Я набрал его городской номер, прильнул ухом к телефонной трубке и стал «аллокать». И вот слышу знакомый голос: "Здравствуй, Ванечка! – чуть носовым голосом, в котором улавливалась теплинка, поздоровался Евгений Иванович. – Ты никак на рыбалку собрался?" – спрашивает. "Ну да, на рыбалку, - говорю, - погода установилась вроде бы хорошая, клёв должен быть неплохим". – "А я вот маленько приболел. Ты, Ванечка, поезжай один, разузнай, что да как, а потом позвонишь.
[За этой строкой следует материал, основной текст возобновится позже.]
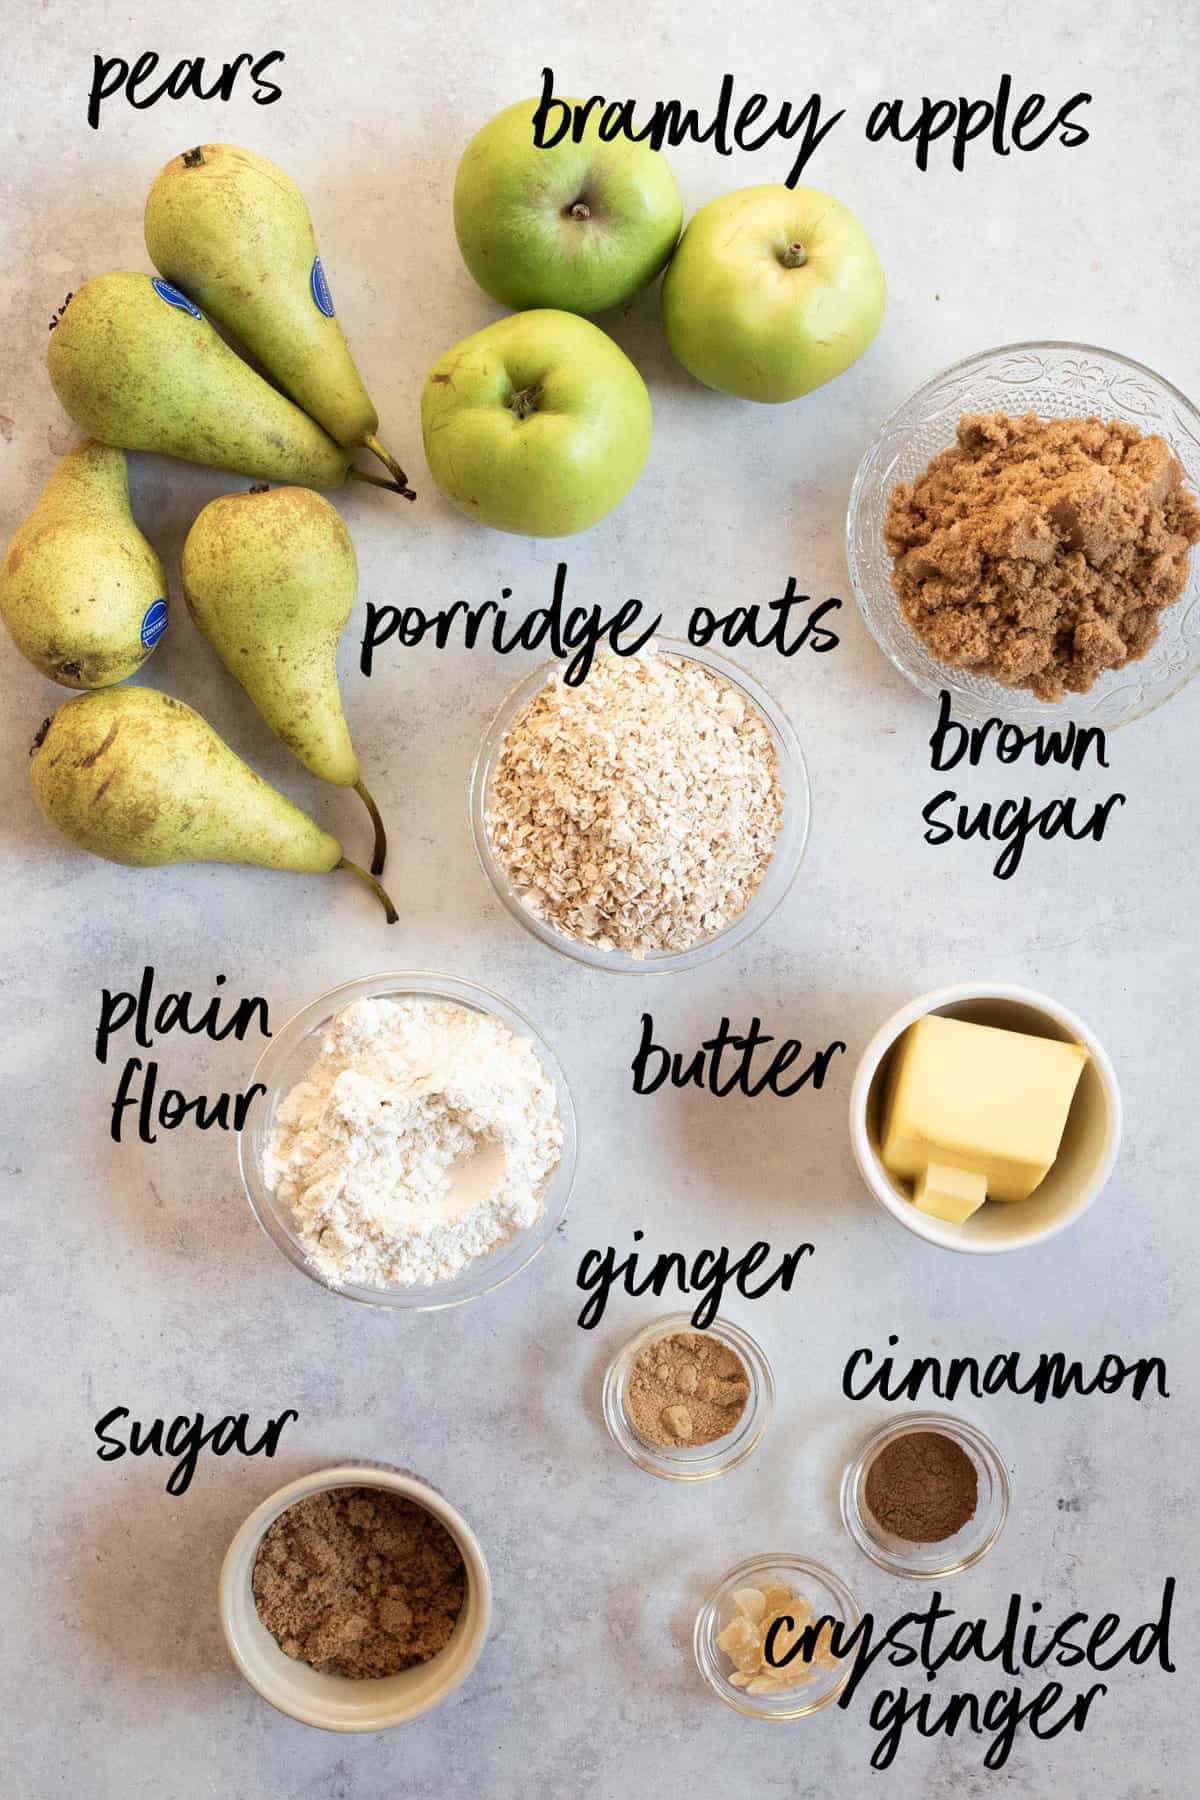 Ingredients for apple and pear crumble.

В следующий выходной обязательно встретимся".

На том и договорились.

Уехал я первым рейсовым автобусом. Вышел на знакомой остановке, от которой до пруда километра два с половиной, а со всякими обходами оврагов да балок, обложивших пруд справа и слева, наберётся не менее пяти с гаком. Ничего, груз у меня небольшой – полупустой рюкзак да удочки, минут за сорок должен дойти.

Как и накануне, небо, не зашторенное тучами, промытое грозовыми дождями, было ясным и чистым. Чуть туманилась притомлённая земля, колокольчиками позванивали жаворонки, и я, охваченный азартом предстоящей рыбалки, ускорил шаг. Дорога шла сначала вдоль тополёво-берёзовой лесопосадки, а потом наискосок нырнула в клеверища, густо обсыпанные зёрнами зоревой росы. От опушённых головок клевера тянуло свежестью и мёдом.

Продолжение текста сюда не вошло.